§ How to complete this task:
Reproduce only the stretch of entries below that begins at the first line and ends at the line holding "1/18 Ferrari Purosangue".

§ Records supplied:

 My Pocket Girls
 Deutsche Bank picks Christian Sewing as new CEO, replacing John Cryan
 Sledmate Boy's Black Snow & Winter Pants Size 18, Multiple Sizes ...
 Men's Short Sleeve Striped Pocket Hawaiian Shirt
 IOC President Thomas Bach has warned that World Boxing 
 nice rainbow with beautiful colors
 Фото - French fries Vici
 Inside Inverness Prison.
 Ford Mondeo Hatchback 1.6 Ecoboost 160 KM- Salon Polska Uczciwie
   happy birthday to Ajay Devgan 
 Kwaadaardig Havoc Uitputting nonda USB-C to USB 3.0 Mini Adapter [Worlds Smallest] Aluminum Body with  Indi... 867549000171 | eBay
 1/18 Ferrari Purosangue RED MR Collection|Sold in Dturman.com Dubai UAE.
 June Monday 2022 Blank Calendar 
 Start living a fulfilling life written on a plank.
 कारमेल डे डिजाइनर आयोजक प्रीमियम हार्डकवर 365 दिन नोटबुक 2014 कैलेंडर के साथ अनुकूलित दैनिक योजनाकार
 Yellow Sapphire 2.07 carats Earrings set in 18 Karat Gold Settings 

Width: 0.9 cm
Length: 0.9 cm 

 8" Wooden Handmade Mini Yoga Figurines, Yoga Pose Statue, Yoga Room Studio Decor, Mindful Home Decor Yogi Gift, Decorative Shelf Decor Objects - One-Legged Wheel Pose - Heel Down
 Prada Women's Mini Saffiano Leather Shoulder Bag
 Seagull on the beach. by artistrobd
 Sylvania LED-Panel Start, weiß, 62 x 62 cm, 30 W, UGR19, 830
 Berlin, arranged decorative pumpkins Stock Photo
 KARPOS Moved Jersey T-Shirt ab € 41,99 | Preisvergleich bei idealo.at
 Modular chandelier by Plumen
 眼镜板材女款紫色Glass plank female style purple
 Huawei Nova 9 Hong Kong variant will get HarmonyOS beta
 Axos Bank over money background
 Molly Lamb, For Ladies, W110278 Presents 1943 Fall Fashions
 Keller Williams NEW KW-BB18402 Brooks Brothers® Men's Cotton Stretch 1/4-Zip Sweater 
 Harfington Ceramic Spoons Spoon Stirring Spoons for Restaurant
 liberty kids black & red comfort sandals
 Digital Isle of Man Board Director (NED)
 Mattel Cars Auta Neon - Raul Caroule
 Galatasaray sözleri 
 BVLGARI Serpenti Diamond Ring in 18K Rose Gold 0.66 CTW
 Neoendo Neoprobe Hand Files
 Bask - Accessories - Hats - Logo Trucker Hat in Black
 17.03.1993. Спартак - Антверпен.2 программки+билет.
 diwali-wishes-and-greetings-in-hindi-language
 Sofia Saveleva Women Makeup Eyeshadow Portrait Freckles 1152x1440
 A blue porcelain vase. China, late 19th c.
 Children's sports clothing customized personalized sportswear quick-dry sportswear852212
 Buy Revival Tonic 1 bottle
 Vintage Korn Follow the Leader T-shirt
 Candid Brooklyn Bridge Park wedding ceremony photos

§ Answer:
 My Pocket Girls
 Deutsche Bank picks Christian Sewing as new CEO, replacing John Cryan
 Sledmate Boy's Black Snow & Winter Pants Size 18, Multiple Sizes ...
 Men's Short Sleeve Striped Pocket Hawaiian Shirt
 IOC President Thomas Bach has warned that World Boxing 
 nice rainbow with beautiful colors
 Фото - French fries Vici
 Inside Inverness Prison.
 Ford Mondeo Hatchback 1.6 Ecoboost 160 KM- Salon Polska Uczciwie
   happy birthday to Ajay Devgan 
 Kwaadaardig Havoc Uitputting nonda USB-C to USB 3.0 Mini Adapter [Worlds Smallest] Aluminum Body with  Indi... 867549000171 | eBay
 1/18 Ferrari Purosangue RED MR Collection|Sold in Dturman.com Dubai UAE.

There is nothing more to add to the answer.